It could be combined with Crowdin or Weblate for ease of use for translators.

As for convincing people to take part, that's a whole other issue.


It is also possible to modify the markdown or the generated HTML directly (through a Python file) with mkdocs-macros.

https://mkdocs-macros-plugin.readthedocs.io/en/latest/post_production/

Ast3risk-ops avatar Oct 21 '25 19:10 Ast3risk-ops

If we're looking at the PreMiD project as a role model for our efforts

SW translations are different from docs. In SW you just translate buttons and short descriptions that has exclusive place and hardly change meaning during development. You can easily fall back to default lang, if the translation is not provided. Now look at the docs - how are you going to divide the whole paragraphs in the same way? Can you imagine, how the "fallback to default lang" would work in this environment? Because I can not. BTW I don't even see them translating docs: https://docs.premid.app/

triuk avatar Oct 21 '25 20:10 triuk

Can you imagine, how the "fallback to default lang" would work in this environment?
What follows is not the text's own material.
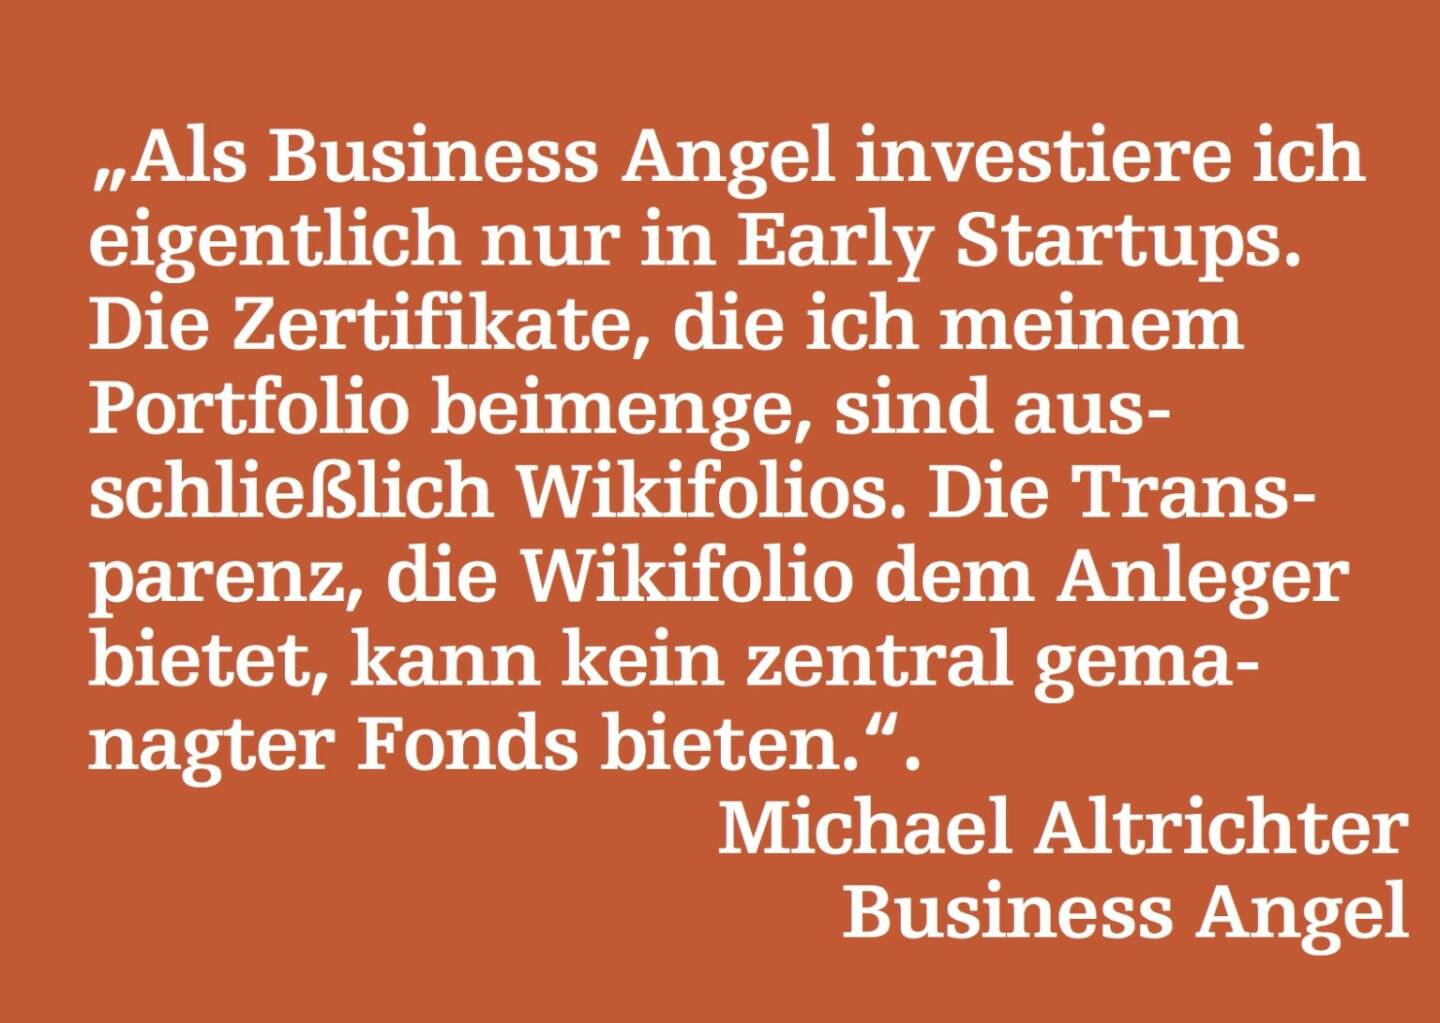 Michael Altrichter, Business Angel

If there is a missing translated page, most i18n plugins will fall back to a dev specified default locale (usually English).

Ast3risk-ops avatar Oct 21 '25 20:10 Ast3risk-ops

@Ast3risk-ops I am not going to repeat myself. Even the linked role model PreMiD project with "ton of community translators" does not have translated docs ...

triuk avatar Oct 21 '25 20:10 triuk

@Ast3risk-ops I am not going to repeat myself. Even the linked role model PreMiD project with "ton of community translators" does not have translated docs ...

I never said it did. Look a little closer at what part I'm responding to.

Ast3risk-ops avatar Oct 21 '25 20:10 Ast3risk-ops

Hi everyone 👋

I just wanted to suggest an option that might fit your needs regarding translations and community contributions.

Crowdin offers a free plan for open-source projects, which could make localization and doc translations much easier to manage.

You can request the setup here → https://crowdin.com/page/open-source-project-setup-request

It’s completely free for open-source projects as long as:

the code is public and under an open-source license,

the project isn’t tied to a paid/commercial product,

and there’s an active community of contributors.

Crowdin integrates nicely with GitHub (auto-syncs pull requests for new or updated translations) and provides a good interface for community translators.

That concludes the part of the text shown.